Union pour la Méditerranée (UpM) : Dix ans après l’UpM, un exercice de lucidité s’impose

Par M. Youssef Amrani, ancien Secrétaire Général de l’Union pour la Méditerranée (UpM).

Dix ans après le lancement de l’Union pour la Méditerranée (UpM), force est de constater que la construction de l’espace de stabilité et de prospérité partagée tant souhaité par les deux rives ne s’est pas réalisée, faute de volonté politique de l’Europe et d’instruments adaptés aux nouvelles dynamiques politiques survenues au sud. Faute aussi d’un engagement suffisant des pays du Sud, qui n’ont pas su se retrouver autour de cette ambition régionale, impliquant par ailleurs la mise en œuvre d’un processus de réformes à la hauteur de ce projet d’intégration multidimensionnel.

Les bouleversements survenus au niveau international et régional, l’émergence de nouveaux défis ont mis en lumière l’incapacité des États membres et des institutions à créer les synergies nécessaires pour aider les pays de la région à dépasser leurs difficultés.

Pourtant, aujourd’hui plus que jamais, seul un espace uni, fort et solidaire serait à même de permettre aux pays de la région de relever leurs défis communs et de répondre aux aspirations légitimes de leur population respective et de leur jeunesse en particulier. Ce constat, tant de fois rappelé qu’il ne semble plus être entendu, n’en demeure pas moins une vérité intangible et immuable qu’il convient encore une fois de souligner avec la même insistance. Sans cet espace uni, fort et solidaire, l’écart entre les attentes des populations euro-méditerranéennes et leur réalité quotidienne ne fera que s’accroître en alimentant les incompréhensions, les frustrations et les populismes de toutes sortes.

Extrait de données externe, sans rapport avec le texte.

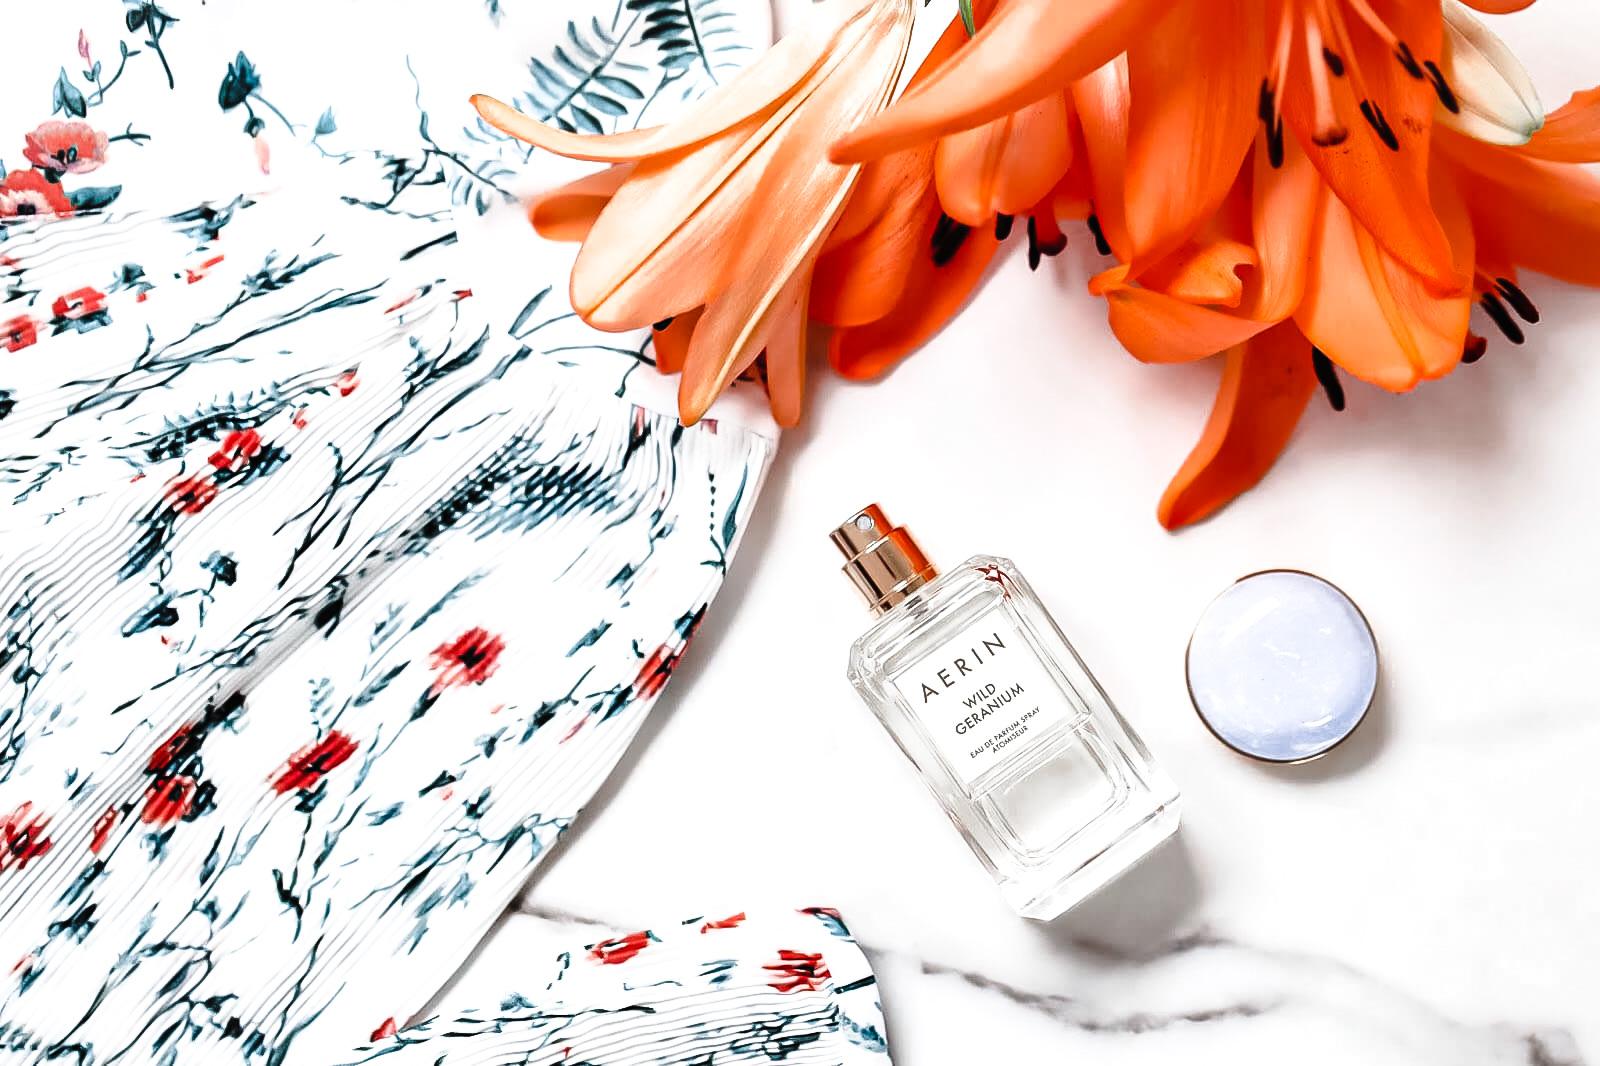 Aerin Wild Geranium parfum
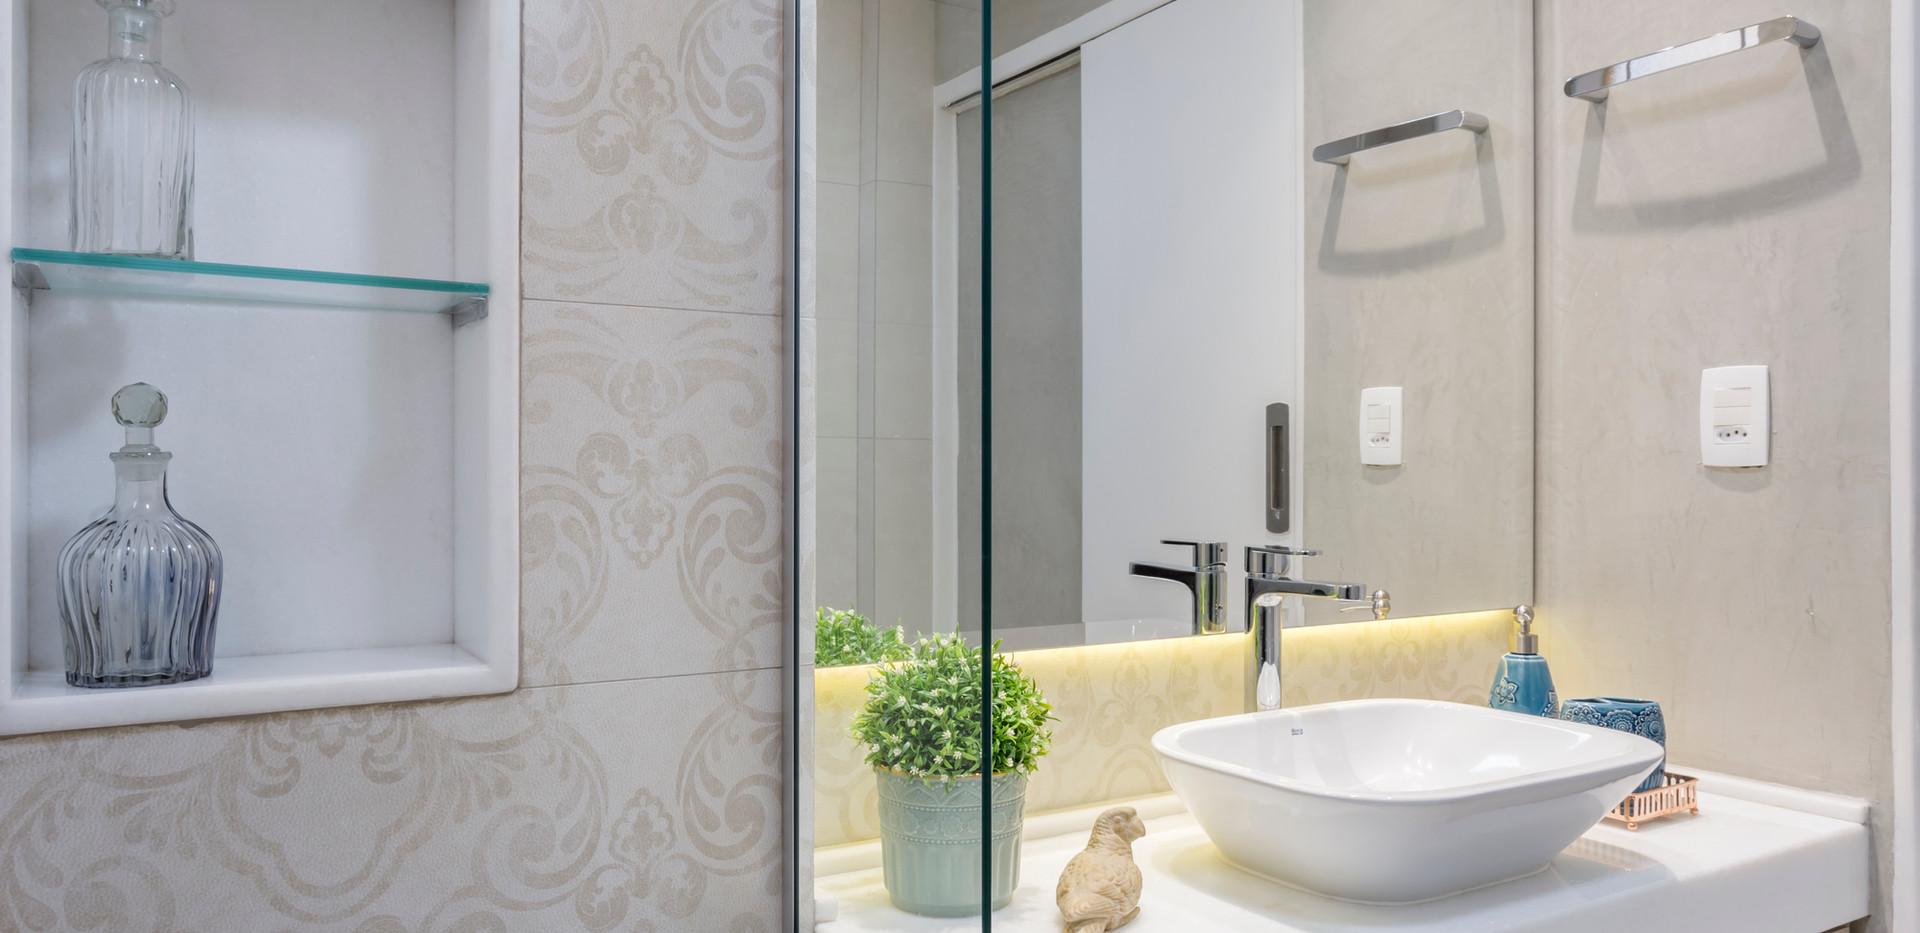 Banheiro - Ana Marinho - Designare Ambientes - BH-MG-Brasil 05.jpg

L’exemple du Maghreb, qui faute de pragmatisme et de courage politique se retrouve aujourd’hui à contre-courant, est à ce titre édifiant. Malgré les nombreux appels à œuvrer pour la construction d’un espace de paix et de prospérité partagé, le non-Maghreb se distingue tristement aujourd’hui comme étant la région la moins intégrée au monde.

La fermeture des frontières demeure un frein au développement de la région, aux échanges, à l’investissement et à l’emploi. Ainsi, plutôt que d’accéder au cercle vertueux du développement, de la croissance et de la richesse partagée, le Maghreb est progressivement devenu, depuis les années 1990, un espace de tensions et de difficultés entravant l’émergence d’un véritable pôle de croissance dans cette partie Sud de la région euro-méditerranéenne.

L’émergence d’une région euro-méditerranéenne est également contrainte par les divisions qui existent au sein de l’UE, en raison des sensibilités et des intérêts variables et fluctuants à l’égard de la Méditerranée ; les priorités de l’Europe étant davantage tournées vers l’Est. Aujourd’hui, c’est un fait, l’idée d’une Europe de projets perd du terrain. La crise migratoire a créé un nouveau fossé entre les États de l’Union, paralysant toute solution européenne face à la crise des réfugiés. Alors que les défis auxquels doivent faire face les pays membres de l’UE transcendent de plus en plus les frontières des États et nécessitent une approche régionale élargie, la portée des réponses proposées par l’UE semblent davantage refléter un compromis de basse altitude se heurtant aux murs des préoccupations nationales des uns et des autres.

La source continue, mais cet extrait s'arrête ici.